[Supplied information]
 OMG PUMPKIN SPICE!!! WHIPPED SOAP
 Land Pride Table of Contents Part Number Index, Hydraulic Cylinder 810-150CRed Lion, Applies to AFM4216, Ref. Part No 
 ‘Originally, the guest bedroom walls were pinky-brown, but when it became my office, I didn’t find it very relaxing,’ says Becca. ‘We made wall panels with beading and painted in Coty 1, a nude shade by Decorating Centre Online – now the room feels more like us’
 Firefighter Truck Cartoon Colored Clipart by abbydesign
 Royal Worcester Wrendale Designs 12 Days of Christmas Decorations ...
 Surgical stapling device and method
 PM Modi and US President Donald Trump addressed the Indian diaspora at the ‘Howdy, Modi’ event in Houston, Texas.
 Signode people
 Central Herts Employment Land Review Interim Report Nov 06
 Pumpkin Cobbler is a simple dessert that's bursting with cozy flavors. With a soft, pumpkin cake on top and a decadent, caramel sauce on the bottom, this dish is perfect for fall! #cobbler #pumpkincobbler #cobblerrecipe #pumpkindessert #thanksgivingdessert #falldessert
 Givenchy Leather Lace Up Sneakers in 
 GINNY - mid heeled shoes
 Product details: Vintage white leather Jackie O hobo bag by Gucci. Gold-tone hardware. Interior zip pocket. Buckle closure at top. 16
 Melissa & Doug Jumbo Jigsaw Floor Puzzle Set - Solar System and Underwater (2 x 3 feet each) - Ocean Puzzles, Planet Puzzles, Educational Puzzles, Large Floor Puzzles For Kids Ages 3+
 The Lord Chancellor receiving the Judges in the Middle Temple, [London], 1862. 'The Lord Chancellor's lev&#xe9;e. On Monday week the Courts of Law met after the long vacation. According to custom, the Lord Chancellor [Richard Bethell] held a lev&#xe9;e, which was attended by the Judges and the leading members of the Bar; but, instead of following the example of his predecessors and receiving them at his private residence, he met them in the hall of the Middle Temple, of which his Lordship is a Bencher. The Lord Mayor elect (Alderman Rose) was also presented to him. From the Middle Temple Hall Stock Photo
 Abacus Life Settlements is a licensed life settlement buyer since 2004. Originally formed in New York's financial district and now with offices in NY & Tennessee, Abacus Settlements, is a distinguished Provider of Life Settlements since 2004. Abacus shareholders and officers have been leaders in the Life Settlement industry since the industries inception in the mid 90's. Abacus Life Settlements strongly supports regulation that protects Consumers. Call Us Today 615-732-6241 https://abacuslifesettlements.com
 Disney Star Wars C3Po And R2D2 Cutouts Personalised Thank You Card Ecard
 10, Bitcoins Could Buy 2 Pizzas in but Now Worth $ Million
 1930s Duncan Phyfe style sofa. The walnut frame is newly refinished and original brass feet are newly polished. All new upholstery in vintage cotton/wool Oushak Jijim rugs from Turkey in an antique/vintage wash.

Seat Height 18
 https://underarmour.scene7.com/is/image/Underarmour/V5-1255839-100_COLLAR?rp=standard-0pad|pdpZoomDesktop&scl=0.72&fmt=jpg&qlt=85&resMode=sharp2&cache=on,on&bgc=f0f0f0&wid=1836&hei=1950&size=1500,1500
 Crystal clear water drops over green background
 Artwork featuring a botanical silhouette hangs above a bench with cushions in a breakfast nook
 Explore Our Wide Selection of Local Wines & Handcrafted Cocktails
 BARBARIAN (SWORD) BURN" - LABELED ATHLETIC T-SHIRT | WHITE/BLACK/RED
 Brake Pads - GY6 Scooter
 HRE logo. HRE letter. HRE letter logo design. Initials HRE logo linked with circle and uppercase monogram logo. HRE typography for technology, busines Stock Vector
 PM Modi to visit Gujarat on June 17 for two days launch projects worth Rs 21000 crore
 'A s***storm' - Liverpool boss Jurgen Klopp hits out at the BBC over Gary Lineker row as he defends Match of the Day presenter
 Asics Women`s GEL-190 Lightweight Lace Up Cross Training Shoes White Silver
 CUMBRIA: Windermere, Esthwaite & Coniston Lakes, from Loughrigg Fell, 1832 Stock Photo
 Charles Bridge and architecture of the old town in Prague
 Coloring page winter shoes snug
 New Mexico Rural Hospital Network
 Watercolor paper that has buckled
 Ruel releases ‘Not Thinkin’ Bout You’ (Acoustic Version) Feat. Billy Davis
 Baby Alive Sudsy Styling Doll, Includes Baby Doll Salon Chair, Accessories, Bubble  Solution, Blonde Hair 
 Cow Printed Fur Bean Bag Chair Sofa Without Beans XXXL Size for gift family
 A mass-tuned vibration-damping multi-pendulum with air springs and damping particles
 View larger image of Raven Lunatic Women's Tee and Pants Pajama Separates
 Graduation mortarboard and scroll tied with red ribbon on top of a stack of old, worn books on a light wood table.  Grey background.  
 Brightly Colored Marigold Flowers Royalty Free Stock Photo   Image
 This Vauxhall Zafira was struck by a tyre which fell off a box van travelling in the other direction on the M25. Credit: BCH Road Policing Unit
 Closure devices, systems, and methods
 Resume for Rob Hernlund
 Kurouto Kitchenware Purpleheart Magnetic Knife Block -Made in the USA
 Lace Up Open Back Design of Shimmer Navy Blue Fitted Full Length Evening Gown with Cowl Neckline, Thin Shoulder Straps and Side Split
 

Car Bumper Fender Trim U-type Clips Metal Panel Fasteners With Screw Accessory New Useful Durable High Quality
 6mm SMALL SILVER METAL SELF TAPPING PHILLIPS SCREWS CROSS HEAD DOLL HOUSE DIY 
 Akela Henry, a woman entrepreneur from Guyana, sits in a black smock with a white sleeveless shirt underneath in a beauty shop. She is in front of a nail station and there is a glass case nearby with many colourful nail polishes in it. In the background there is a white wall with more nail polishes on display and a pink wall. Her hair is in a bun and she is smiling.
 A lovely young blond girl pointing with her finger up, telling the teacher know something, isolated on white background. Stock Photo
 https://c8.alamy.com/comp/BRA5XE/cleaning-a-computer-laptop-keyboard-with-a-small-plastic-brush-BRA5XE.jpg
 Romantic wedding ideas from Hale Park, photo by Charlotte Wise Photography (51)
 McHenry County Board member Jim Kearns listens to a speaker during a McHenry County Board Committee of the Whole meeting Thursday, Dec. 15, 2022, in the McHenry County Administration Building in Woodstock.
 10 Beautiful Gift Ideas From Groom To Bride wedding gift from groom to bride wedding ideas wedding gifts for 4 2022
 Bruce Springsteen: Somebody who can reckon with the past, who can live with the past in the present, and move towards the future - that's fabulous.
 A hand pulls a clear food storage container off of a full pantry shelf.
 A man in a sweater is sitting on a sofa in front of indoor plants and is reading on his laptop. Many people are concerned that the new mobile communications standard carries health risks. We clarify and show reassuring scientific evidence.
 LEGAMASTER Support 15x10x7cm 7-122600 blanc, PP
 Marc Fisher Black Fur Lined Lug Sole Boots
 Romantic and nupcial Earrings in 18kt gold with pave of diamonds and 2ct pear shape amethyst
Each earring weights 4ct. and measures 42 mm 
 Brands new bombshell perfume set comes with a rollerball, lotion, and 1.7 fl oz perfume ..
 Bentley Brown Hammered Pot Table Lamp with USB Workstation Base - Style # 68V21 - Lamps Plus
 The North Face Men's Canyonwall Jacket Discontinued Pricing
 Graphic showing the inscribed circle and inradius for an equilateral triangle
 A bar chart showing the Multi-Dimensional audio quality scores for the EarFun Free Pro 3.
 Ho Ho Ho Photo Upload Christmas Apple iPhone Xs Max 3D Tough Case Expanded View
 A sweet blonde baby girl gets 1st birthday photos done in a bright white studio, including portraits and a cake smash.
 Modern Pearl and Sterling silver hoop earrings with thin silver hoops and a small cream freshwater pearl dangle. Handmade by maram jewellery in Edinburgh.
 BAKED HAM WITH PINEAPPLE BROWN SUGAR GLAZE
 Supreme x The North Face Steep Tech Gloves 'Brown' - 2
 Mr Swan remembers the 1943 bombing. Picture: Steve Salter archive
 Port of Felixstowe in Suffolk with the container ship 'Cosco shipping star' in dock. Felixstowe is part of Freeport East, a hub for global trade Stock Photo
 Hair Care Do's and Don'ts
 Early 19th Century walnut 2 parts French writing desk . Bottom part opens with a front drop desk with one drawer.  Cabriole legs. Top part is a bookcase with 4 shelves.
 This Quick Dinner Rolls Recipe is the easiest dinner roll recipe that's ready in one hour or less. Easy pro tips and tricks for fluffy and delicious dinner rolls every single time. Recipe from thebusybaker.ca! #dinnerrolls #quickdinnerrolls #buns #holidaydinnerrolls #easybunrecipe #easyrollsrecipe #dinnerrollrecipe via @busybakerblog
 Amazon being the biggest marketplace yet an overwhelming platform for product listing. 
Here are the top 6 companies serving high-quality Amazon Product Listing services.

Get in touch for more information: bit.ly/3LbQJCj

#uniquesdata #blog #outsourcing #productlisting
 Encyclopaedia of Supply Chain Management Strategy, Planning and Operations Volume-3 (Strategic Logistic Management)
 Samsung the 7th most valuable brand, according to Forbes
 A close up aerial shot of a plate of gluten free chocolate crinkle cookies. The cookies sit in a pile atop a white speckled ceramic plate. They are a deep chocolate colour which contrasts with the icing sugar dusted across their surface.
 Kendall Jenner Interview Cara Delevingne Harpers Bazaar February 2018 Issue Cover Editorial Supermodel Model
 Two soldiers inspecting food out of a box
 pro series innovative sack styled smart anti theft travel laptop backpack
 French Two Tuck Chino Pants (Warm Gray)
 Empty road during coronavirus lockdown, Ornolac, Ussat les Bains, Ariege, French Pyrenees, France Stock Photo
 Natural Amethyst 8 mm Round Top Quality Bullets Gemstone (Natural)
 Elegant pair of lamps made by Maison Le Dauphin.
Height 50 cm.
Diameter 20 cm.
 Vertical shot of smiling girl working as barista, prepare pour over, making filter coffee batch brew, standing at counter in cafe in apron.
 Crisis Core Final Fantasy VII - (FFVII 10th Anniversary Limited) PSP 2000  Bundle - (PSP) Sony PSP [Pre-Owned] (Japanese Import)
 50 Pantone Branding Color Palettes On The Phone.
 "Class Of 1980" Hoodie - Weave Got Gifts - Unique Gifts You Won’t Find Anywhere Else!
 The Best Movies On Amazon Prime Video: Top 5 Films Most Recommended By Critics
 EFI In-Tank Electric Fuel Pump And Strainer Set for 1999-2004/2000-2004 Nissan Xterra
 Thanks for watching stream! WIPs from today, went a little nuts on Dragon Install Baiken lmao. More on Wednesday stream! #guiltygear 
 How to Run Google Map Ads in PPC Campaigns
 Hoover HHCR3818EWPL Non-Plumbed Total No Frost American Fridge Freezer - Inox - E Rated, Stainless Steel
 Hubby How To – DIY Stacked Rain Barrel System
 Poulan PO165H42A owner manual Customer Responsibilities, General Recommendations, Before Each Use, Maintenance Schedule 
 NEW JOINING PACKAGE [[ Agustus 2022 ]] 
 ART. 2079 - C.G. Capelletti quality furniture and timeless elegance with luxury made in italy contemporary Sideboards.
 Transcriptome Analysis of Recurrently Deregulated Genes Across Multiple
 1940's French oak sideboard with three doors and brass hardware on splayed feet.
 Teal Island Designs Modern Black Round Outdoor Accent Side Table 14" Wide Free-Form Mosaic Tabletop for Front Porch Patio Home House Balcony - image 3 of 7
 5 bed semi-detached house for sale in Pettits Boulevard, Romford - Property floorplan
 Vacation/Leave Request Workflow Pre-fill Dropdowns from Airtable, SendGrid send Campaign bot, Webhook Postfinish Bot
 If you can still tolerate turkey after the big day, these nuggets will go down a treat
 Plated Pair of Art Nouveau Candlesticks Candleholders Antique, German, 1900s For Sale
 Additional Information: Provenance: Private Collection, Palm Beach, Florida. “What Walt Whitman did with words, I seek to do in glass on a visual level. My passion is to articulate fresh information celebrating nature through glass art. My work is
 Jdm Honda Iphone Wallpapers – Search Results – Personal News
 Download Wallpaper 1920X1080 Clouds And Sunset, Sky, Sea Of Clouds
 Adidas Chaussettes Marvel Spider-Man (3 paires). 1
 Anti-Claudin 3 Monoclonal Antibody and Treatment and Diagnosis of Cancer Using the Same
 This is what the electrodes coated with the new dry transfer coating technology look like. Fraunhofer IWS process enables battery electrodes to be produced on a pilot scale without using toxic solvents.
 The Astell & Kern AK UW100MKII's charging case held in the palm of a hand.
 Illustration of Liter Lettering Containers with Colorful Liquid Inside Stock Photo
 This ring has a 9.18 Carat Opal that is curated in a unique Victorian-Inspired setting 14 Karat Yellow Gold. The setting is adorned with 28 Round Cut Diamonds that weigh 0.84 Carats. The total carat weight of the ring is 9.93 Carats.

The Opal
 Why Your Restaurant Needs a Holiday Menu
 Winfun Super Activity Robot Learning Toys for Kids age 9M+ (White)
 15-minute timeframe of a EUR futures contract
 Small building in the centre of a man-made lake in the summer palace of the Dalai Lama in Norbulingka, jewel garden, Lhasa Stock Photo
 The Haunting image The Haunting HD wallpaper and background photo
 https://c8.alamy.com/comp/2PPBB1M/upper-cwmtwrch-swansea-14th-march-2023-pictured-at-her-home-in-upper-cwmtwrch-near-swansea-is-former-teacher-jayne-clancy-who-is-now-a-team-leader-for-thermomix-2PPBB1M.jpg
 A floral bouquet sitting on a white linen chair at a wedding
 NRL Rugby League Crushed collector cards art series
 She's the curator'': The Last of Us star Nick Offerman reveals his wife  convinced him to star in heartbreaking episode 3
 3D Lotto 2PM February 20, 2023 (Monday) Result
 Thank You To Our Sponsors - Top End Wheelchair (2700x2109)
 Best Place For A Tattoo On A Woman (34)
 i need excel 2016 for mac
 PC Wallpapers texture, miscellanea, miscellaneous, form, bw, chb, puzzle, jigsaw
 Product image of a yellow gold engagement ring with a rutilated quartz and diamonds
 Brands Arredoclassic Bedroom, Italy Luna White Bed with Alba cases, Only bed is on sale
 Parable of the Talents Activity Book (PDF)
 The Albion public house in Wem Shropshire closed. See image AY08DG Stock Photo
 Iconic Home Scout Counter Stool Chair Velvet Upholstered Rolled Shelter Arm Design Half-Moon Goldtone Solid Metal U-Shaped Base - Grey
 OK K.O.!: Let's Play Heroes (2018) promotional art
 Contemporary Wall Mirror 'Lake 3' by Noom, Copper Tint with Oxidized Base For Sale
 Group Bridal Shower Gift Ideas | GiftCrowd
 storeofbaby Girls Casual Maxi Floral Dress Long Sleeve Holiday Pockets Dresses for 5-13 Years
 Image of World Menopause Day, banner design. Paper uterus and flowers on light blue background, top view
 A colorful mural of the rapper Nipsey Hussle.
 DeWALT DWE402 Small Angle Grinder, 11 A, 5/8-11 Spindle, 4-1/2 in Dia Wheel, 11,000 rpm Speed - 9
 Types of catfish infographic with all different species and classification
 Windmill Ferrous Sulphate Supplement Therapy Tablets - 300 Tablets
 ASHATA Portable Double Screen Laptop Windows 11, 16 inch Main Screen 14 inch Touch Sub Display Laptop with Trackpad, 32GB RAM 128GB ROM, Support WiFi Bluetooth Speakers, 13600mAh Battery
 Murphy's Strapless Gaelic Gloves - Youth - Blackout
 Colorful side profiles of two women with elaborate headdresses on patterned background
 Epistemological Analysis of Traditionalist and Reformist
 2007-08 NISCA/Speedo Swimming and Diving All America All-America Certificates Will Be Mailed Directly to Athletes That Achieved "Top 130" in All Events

[Your objective]
Scan the material above for lines holding "sitting" and copy each of them.

[Reply to the exercise]
 A man in a sweater is sitting on a sofa in front of indoor plants and is reading on his laptop. Many people are concerned that the new mobile communications standard carries health risks. We clarify and show reassuring scientific evidence.
 A floral bouquet sitting on a white linen chair at a wedding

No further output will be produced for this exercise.